### ABOUT THIS EXERCISE
What you produce should be the lines from the line containing "Garçon contemplant vue" through the last line below, both ends included, reproduced exactly and without pictures.

### DATA PROVIDED
——

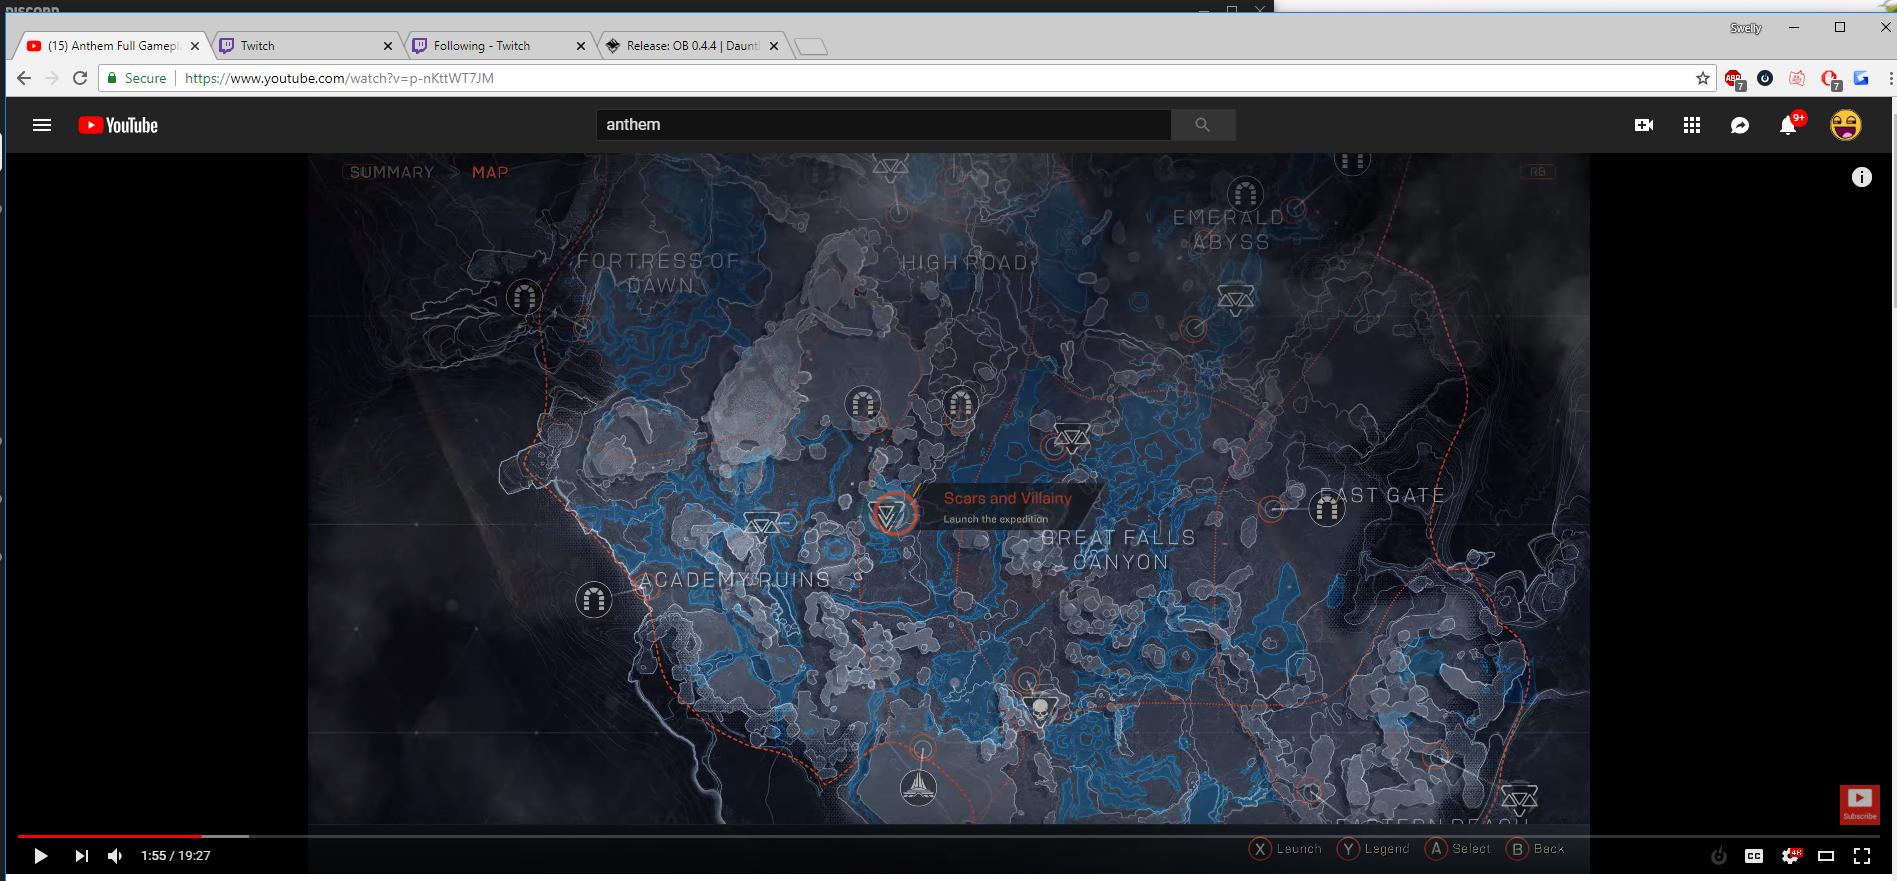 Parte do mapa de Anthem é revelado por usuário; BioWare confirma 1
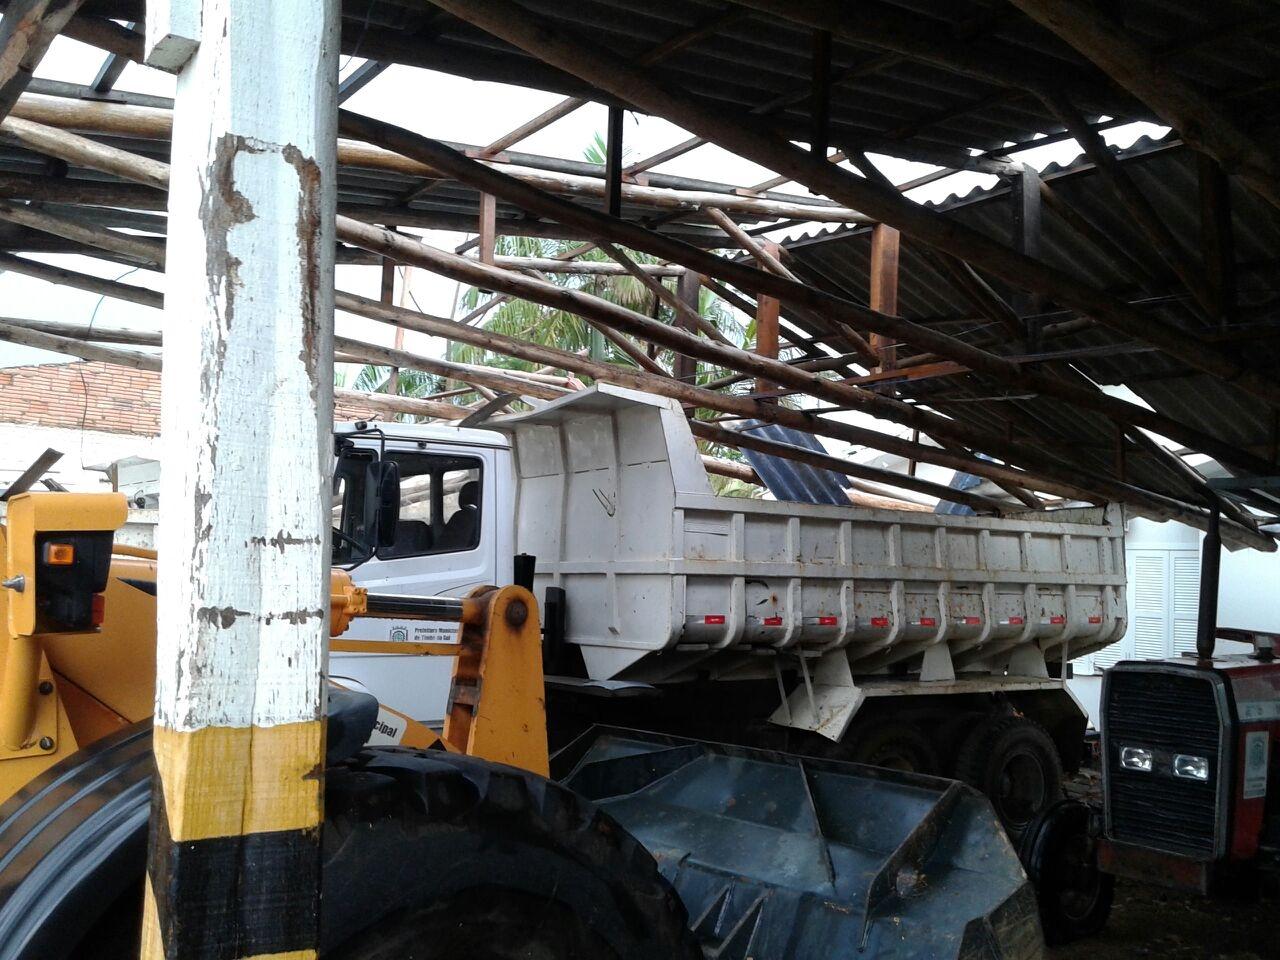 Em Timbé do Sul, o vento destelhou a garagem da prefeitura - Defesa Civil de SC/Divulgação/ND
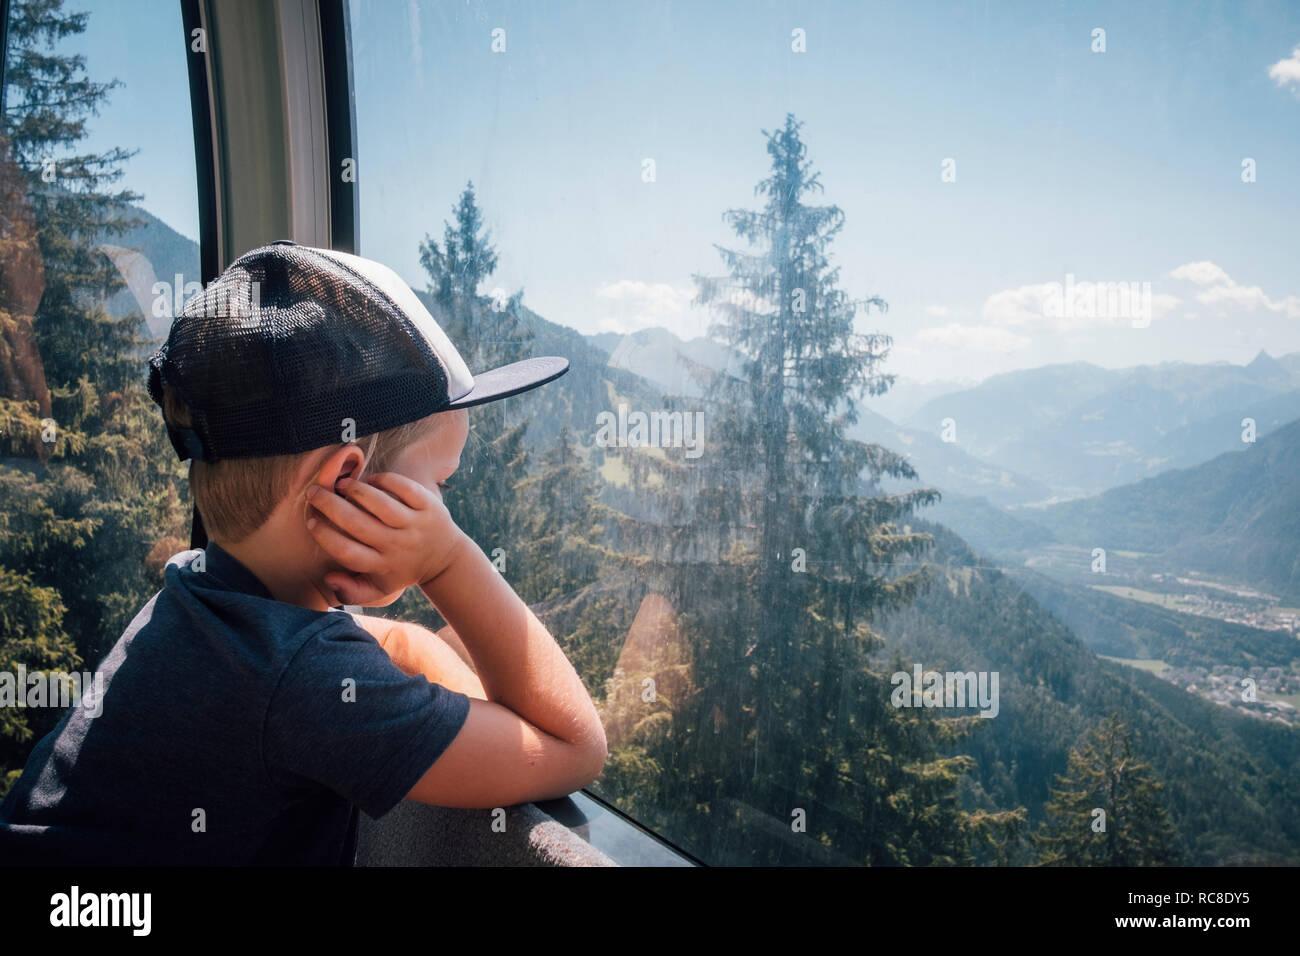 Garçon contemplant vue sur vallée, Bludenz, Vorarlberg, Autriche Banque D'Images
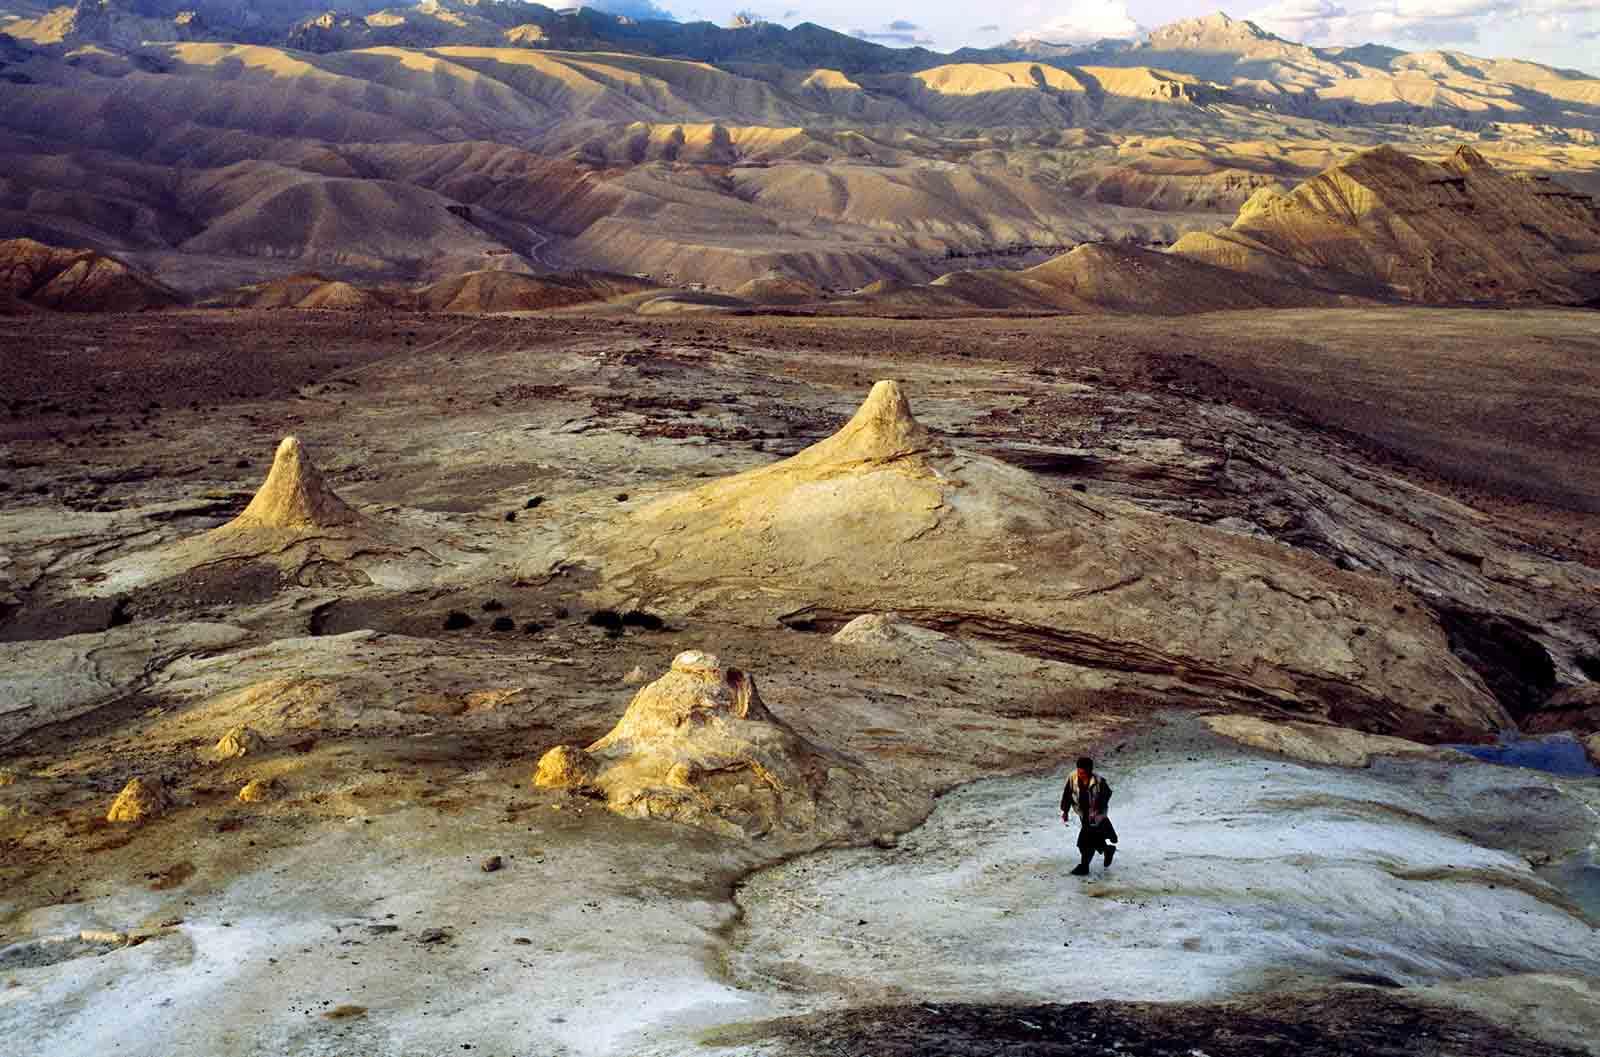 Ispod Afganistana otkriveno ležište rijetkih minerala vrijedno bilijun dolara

——

### EXPECTED ANSWER
 Garçon contemplant vue sur vallée, Bludenz, Vorarlberg, Autriche Banque D'Images
 Ispod Afganistana otkriveno ležište rijetkih minerala vrijedno bilijun dolara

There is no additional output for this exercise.